**Work instructions:** Using the data below, print exactly the line with "View of Marsamxett", the line with "Photo of Remodel Upper East Side bathroom", and every line between them, but none of the pictures.

**Information given:**
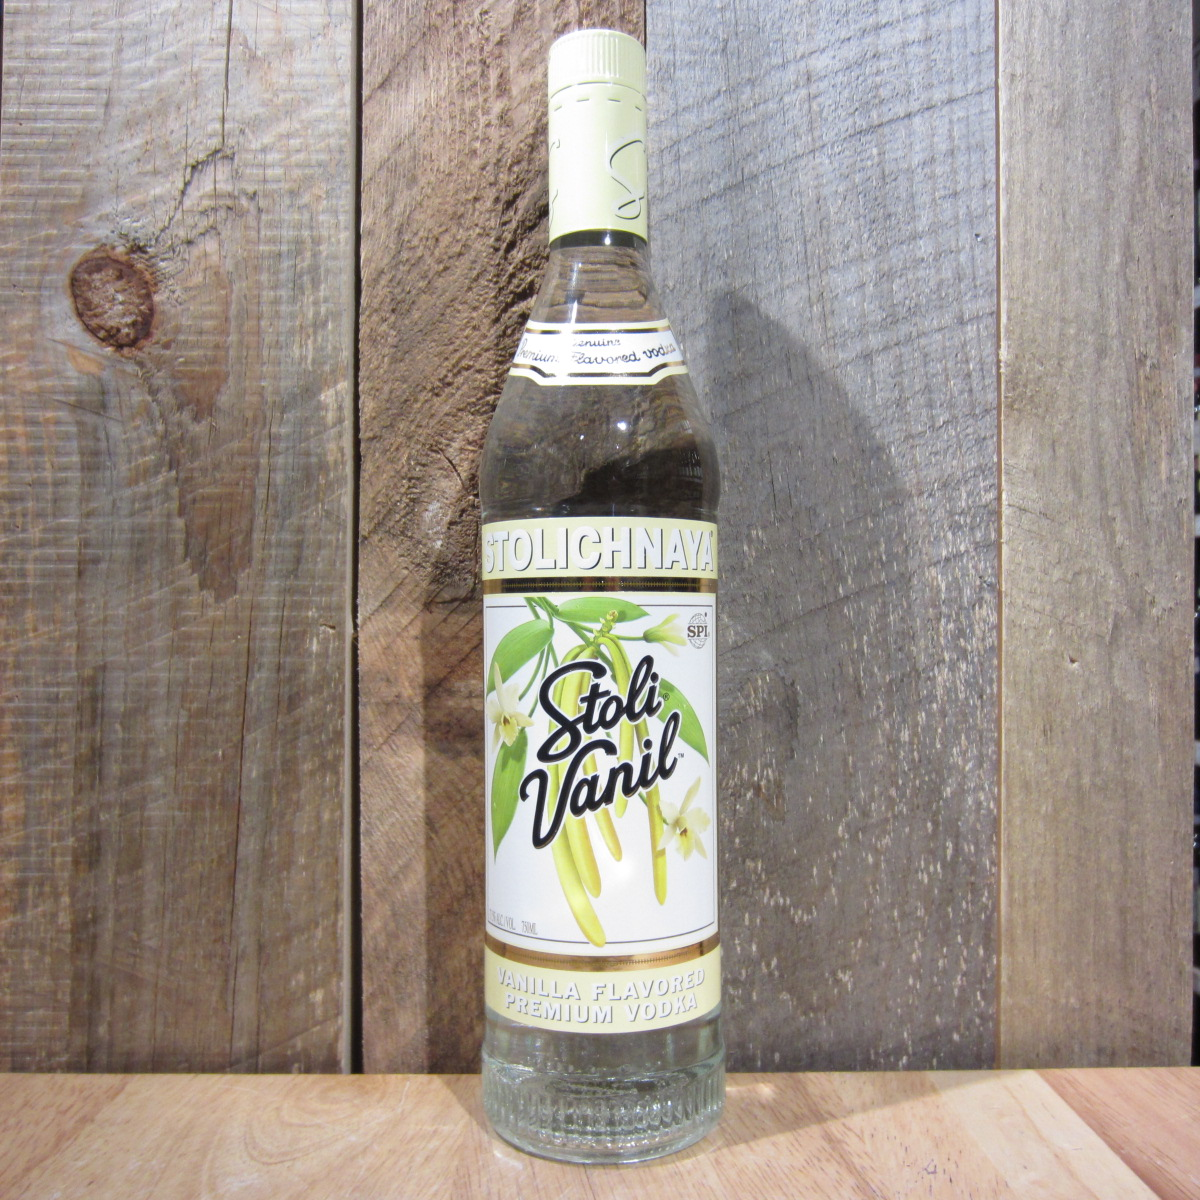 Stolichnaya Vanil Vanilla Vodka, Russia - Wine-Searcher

---

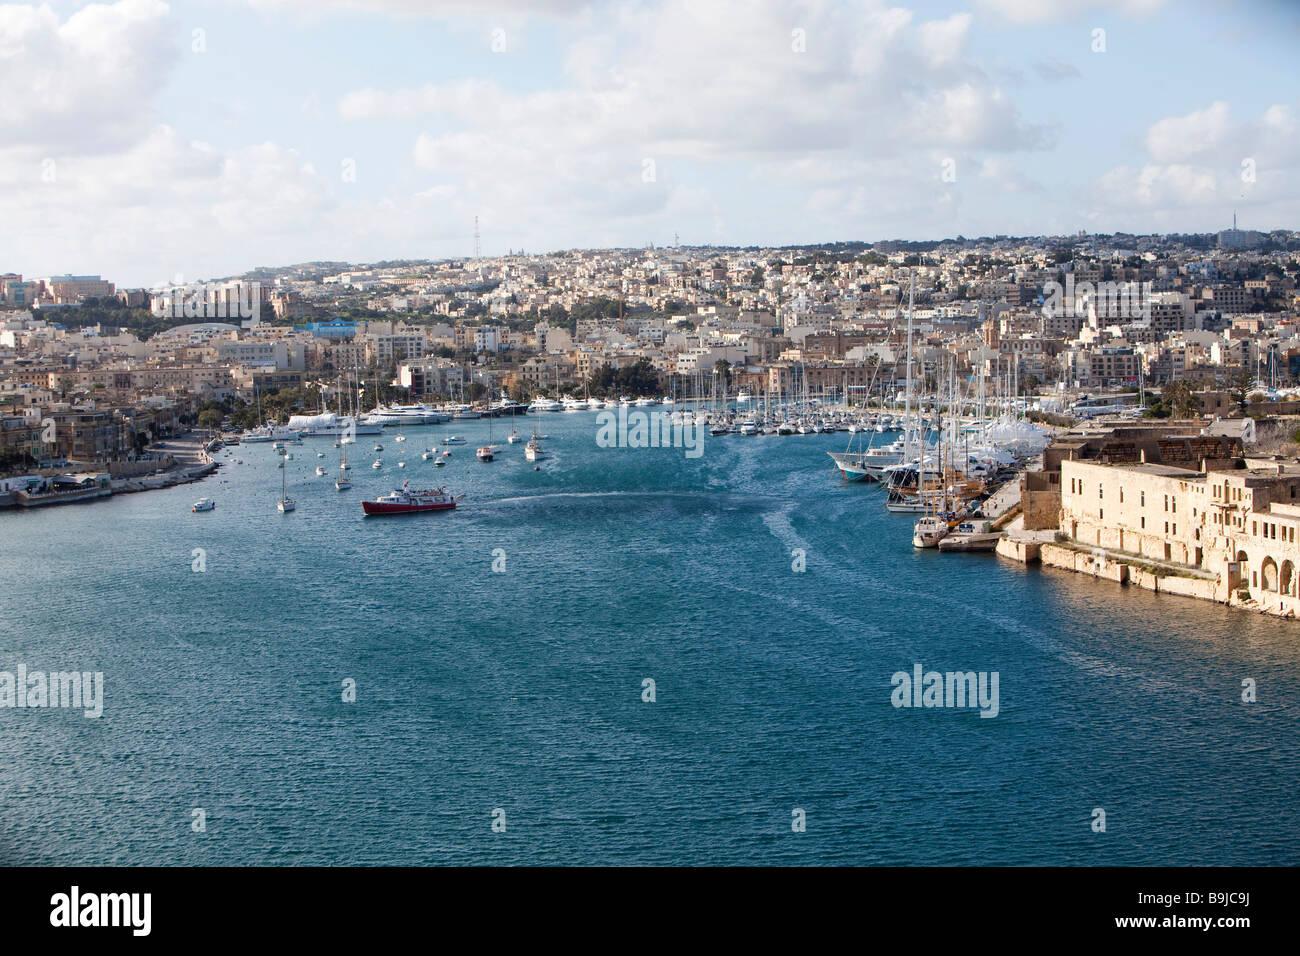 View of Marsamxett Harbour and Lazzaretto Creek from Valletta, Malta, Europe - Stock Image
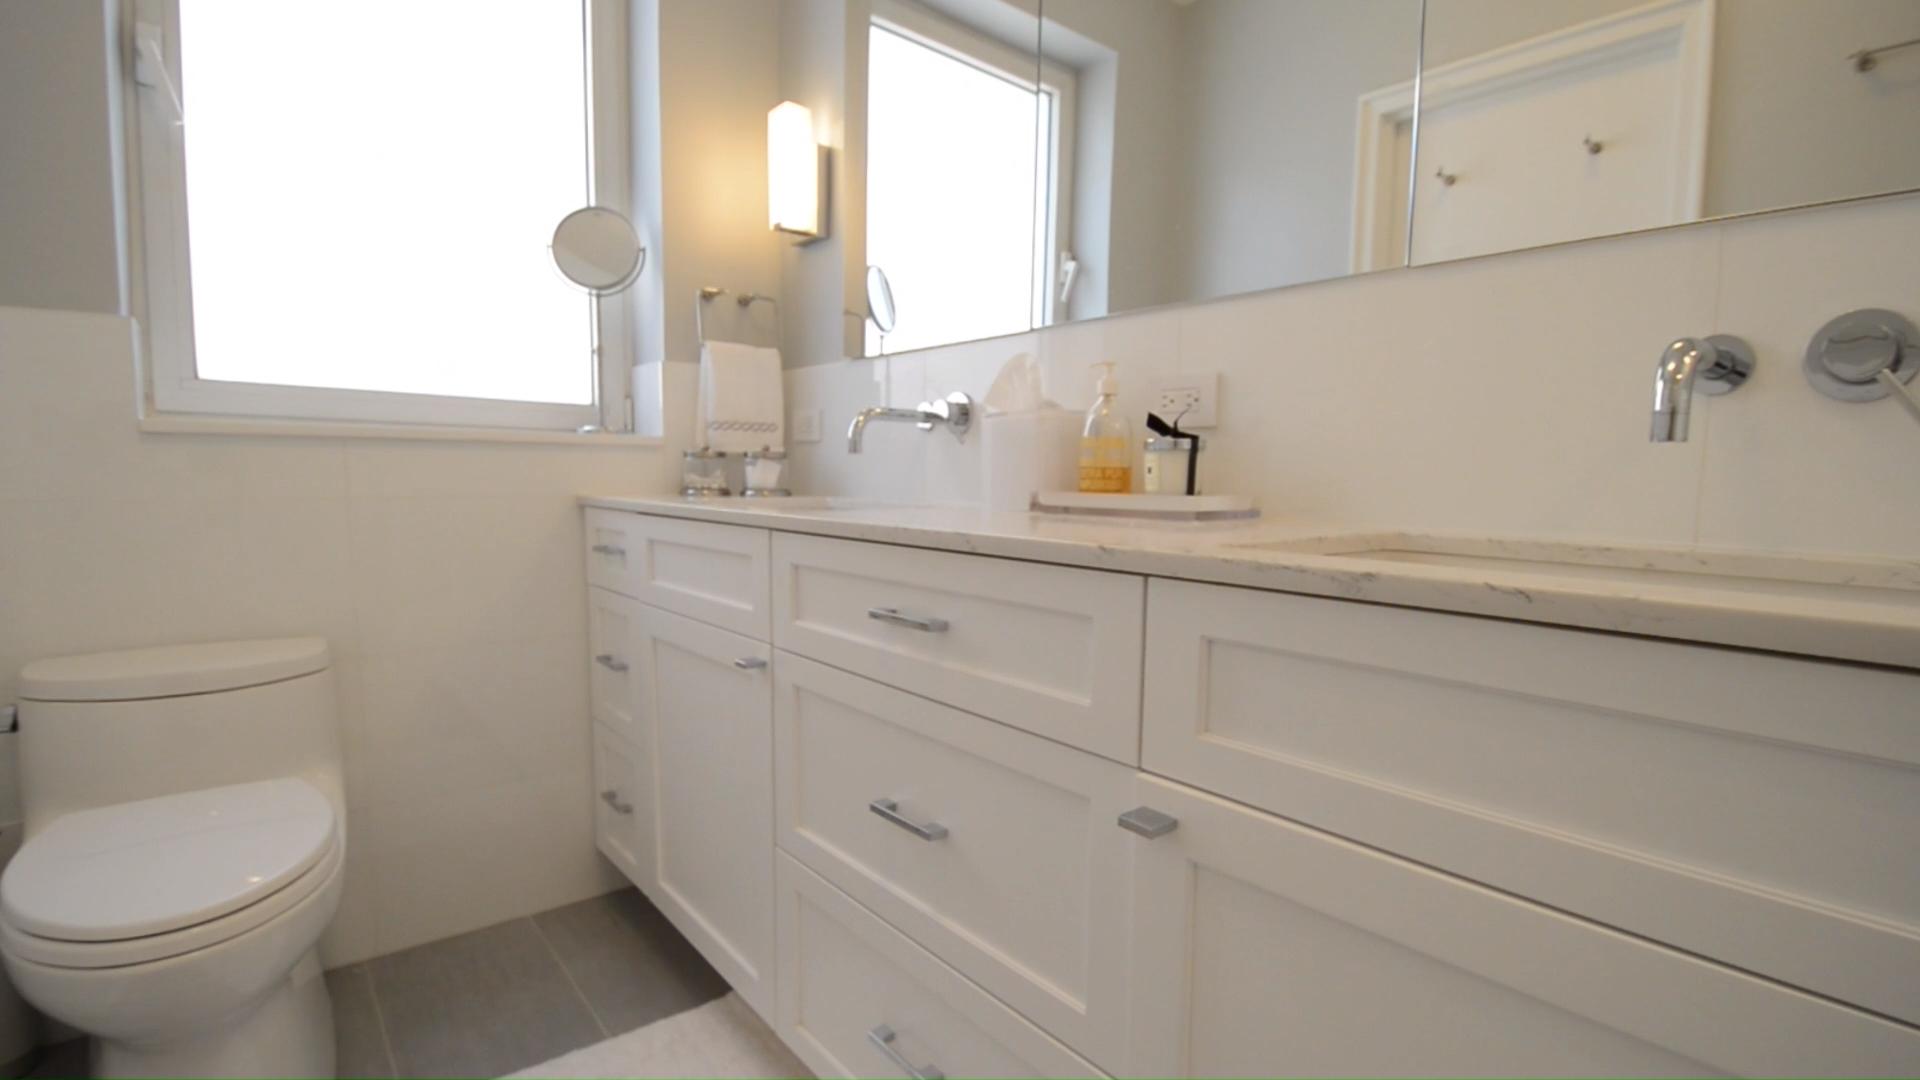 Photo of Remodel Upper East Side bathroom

--

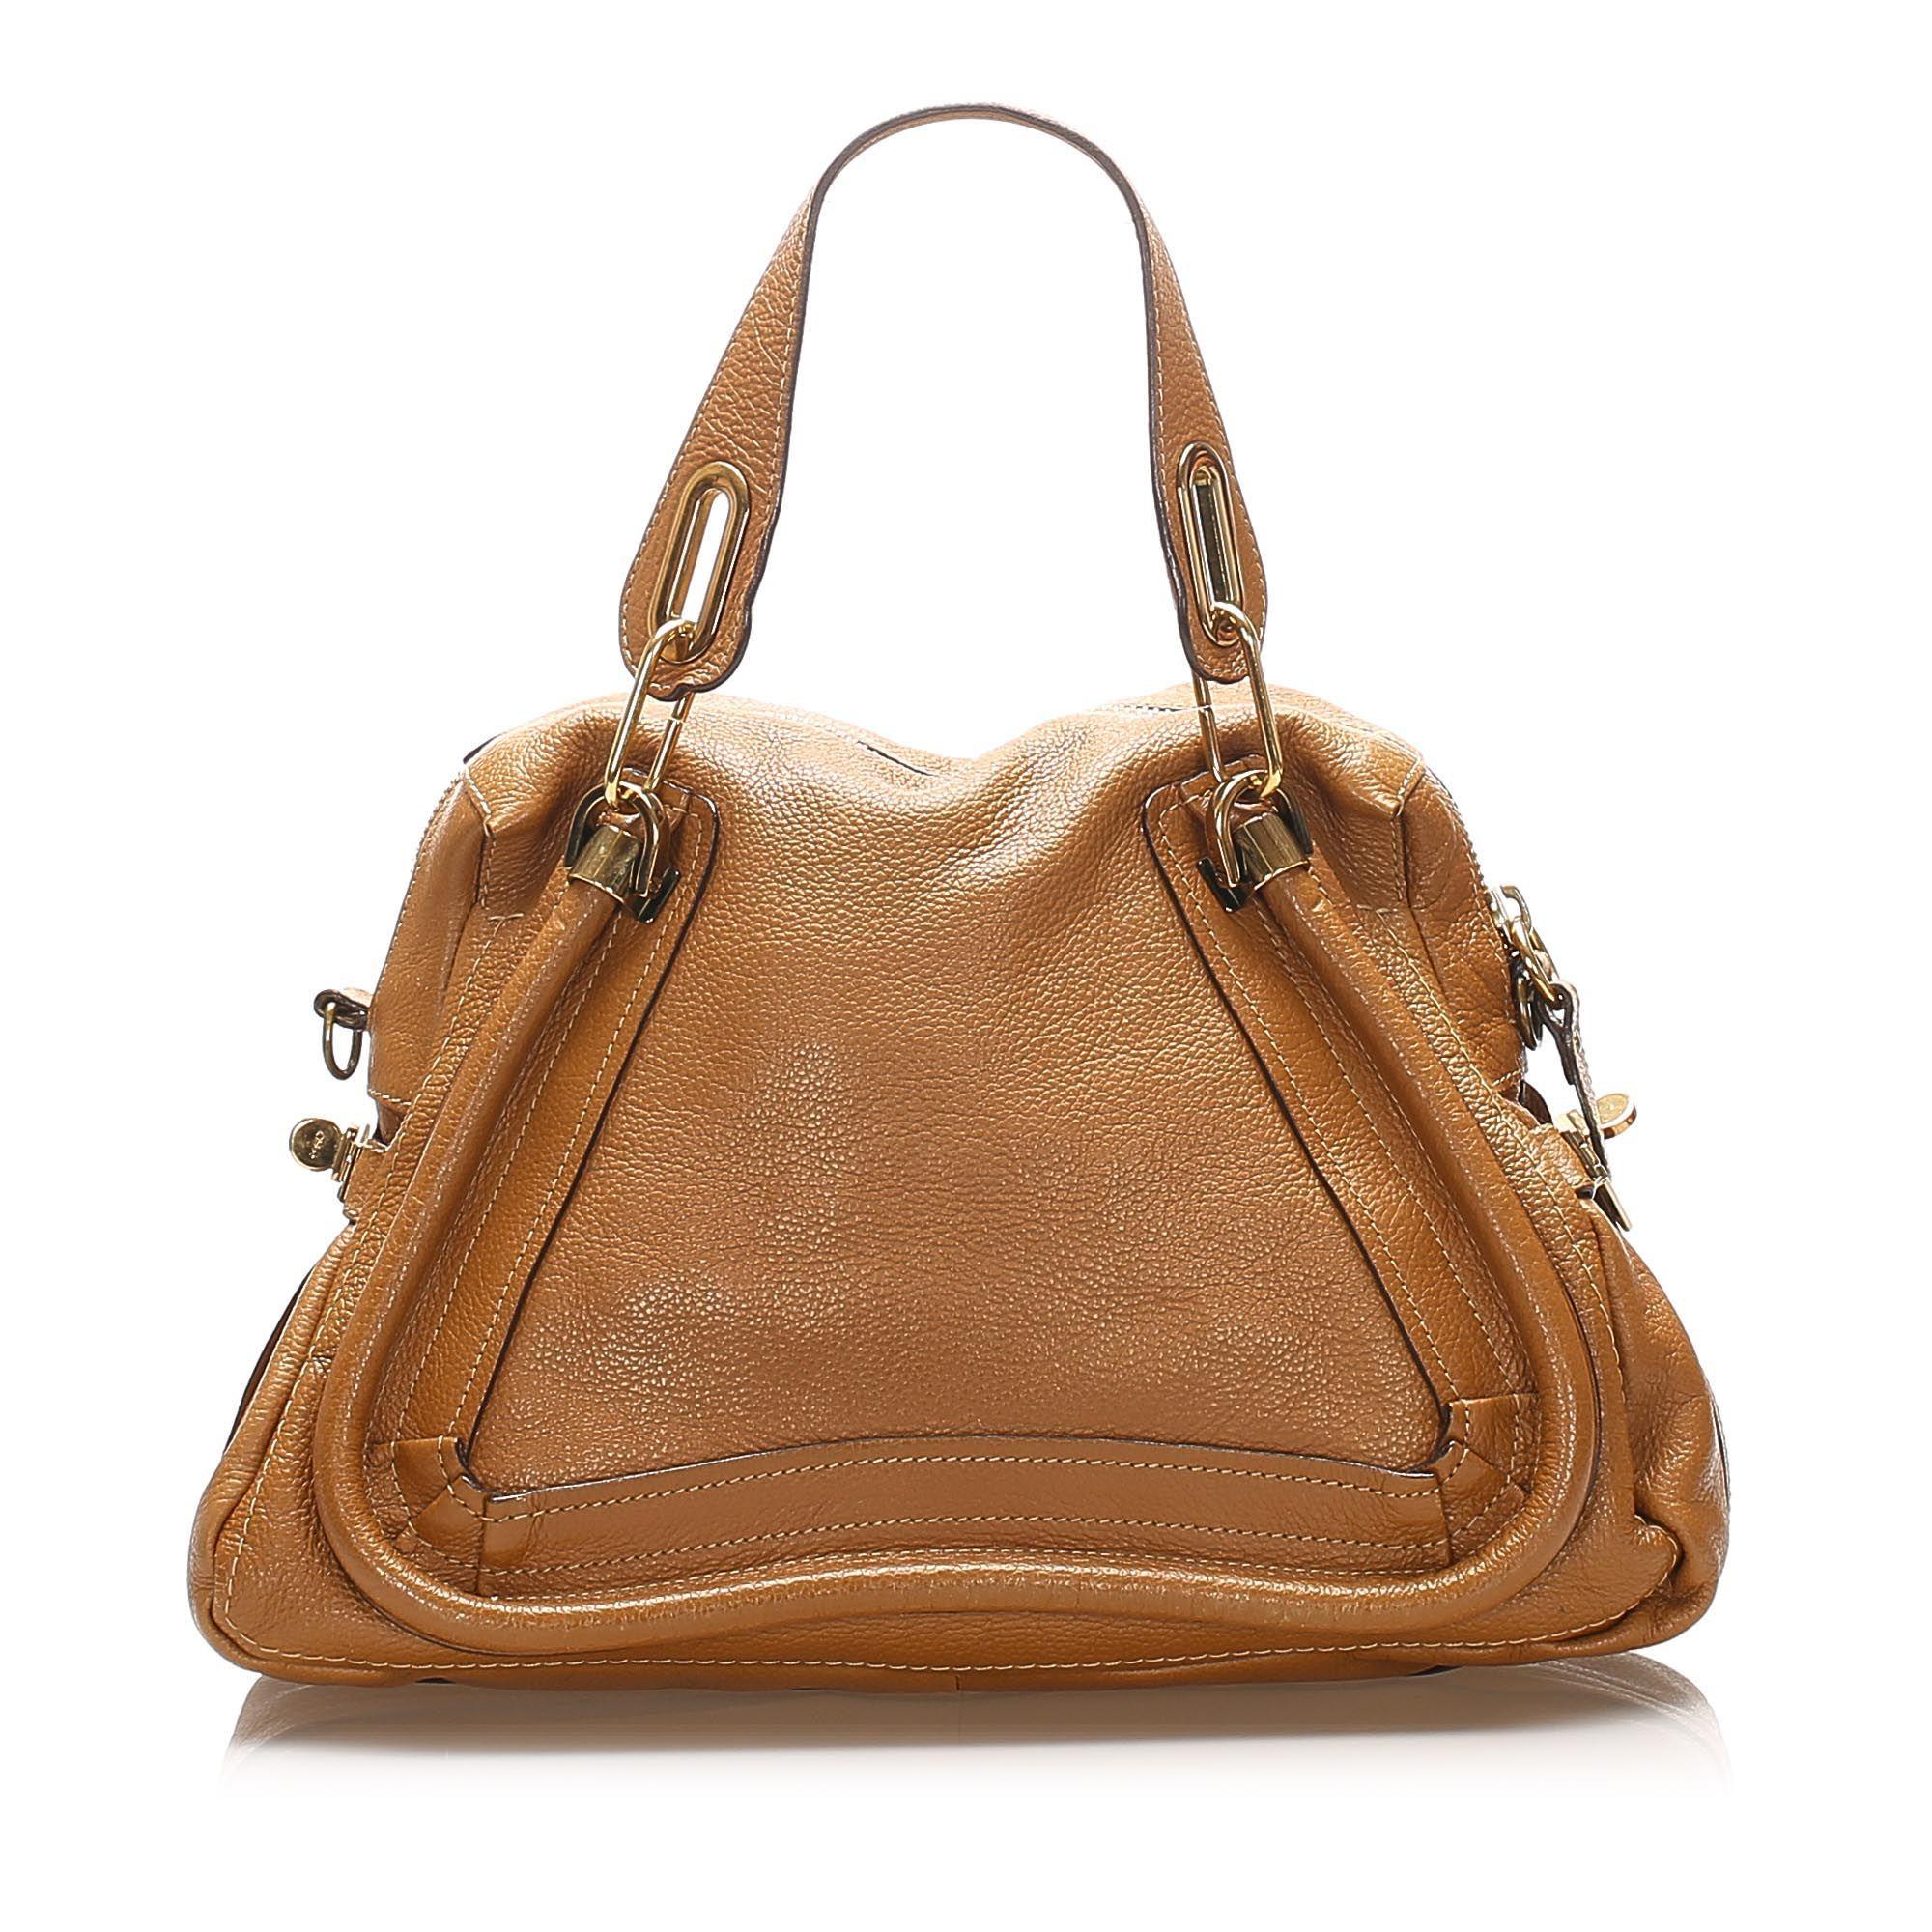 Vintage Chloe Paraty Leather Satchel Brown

**Exercise result:**
 View of Marsamxett Harbour and Lazzaretto Creek from Valletta, Malta, Europe - Stock Image
 Photo of Remodel Upper East Side bathroom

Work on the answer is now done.